Double descent
In statistics and machine learning, double descent is the phenomenon where a statistical model with a small number of parameters and a model with an extremely large number of parameters have a small error, but a model whose number of parameters is about the same as the number of data points used to train the model will have a large error.[2] It was discovered around 2018 when researchers were trying to reconcile the bias-variance tradeoff in classical statistics, which states that having too many parameters will yield an extremely large error, with the 2010s empirical observation of machine learning practitioners that the larger models are, the better they work.[3][4] The scaling behavior of double descent has been found to follow a broken neural scaling law[5] functional form.
References
- Schaeffer, Rylan; Khona, Mikail; Robertson, Zachary; Boopathy, Akhilan; Pistunova, Kateryna; Rocks, Jason W.; Fiete, Ila Rani; Koyejo, Oluwasanmi (2023-03-24). "Double Descent Demystified: Identifying, Interpreting & Ablating the Sources of a Deep Learning Puzzle". arXiv:2303.14151v1 [cs.LG].
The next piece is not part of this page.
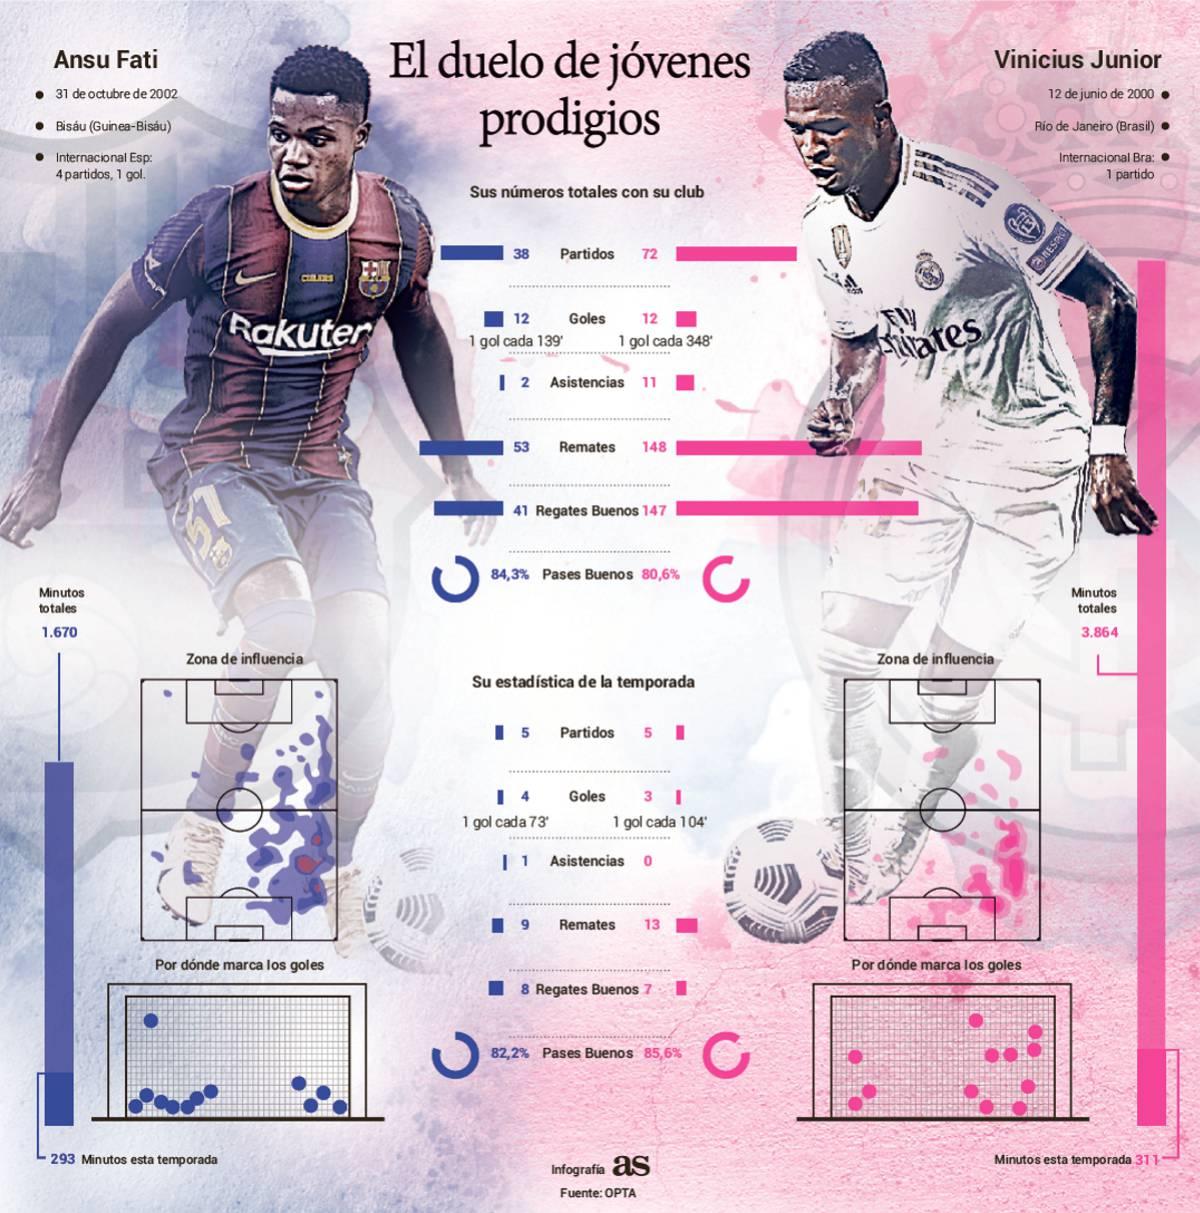 El Clásico Barcelona - Real Madrid   Ansu Fati-Vinicius, nueva era 1
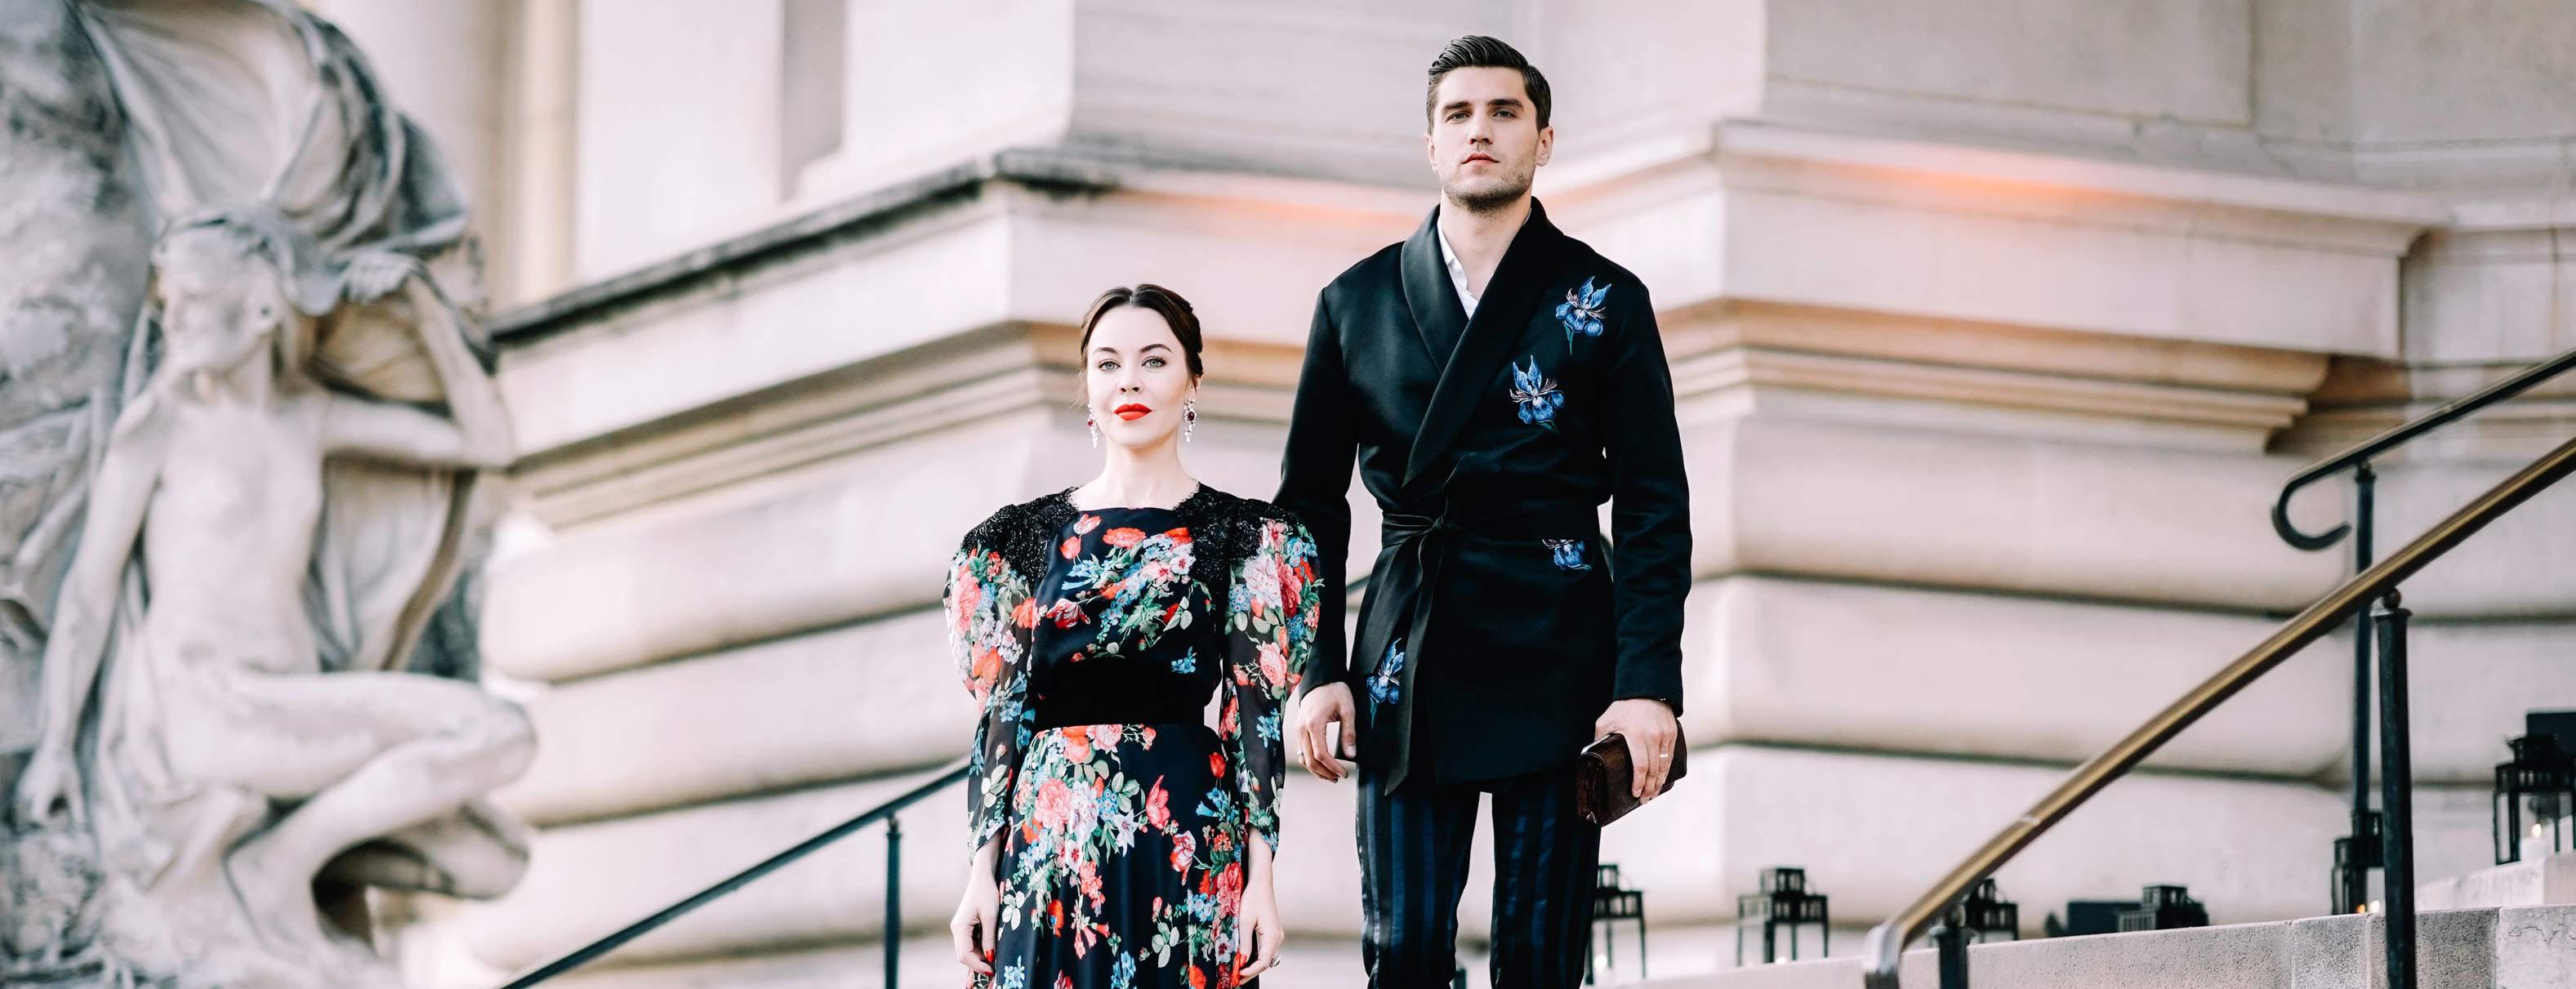 Ulyana Sergeenko is Leading Russian Style

- "Deep Double Descent". OpenAI. 2019-12-05. Retrieved 2022-08-12.
- evhub (2019-12-05). "Understanding "Deep Double Descent"". LessWrong.
- Belkin, Mikhail; Hsu, Daniel; Ma, Siyuan; Mandal, Soumik (2019-08-06). "Reconciling modern machine learning practice and the bias-variance trade-off". Proceedings of the National Academy of Sciences. 116 (32): 15849–15854. arXiv:1812.11118. doi:10.1073/pnas.1903070116. ISSN 0027-8424. PMC 6689936. PMID 31341078.
- Caballero, Ethan; Gupta, Kshitij; Rish, Irina; Krueger, David (2022). "Broken Neural Scaling Laws". International Conference on Learning Representations (ICLR), 2023.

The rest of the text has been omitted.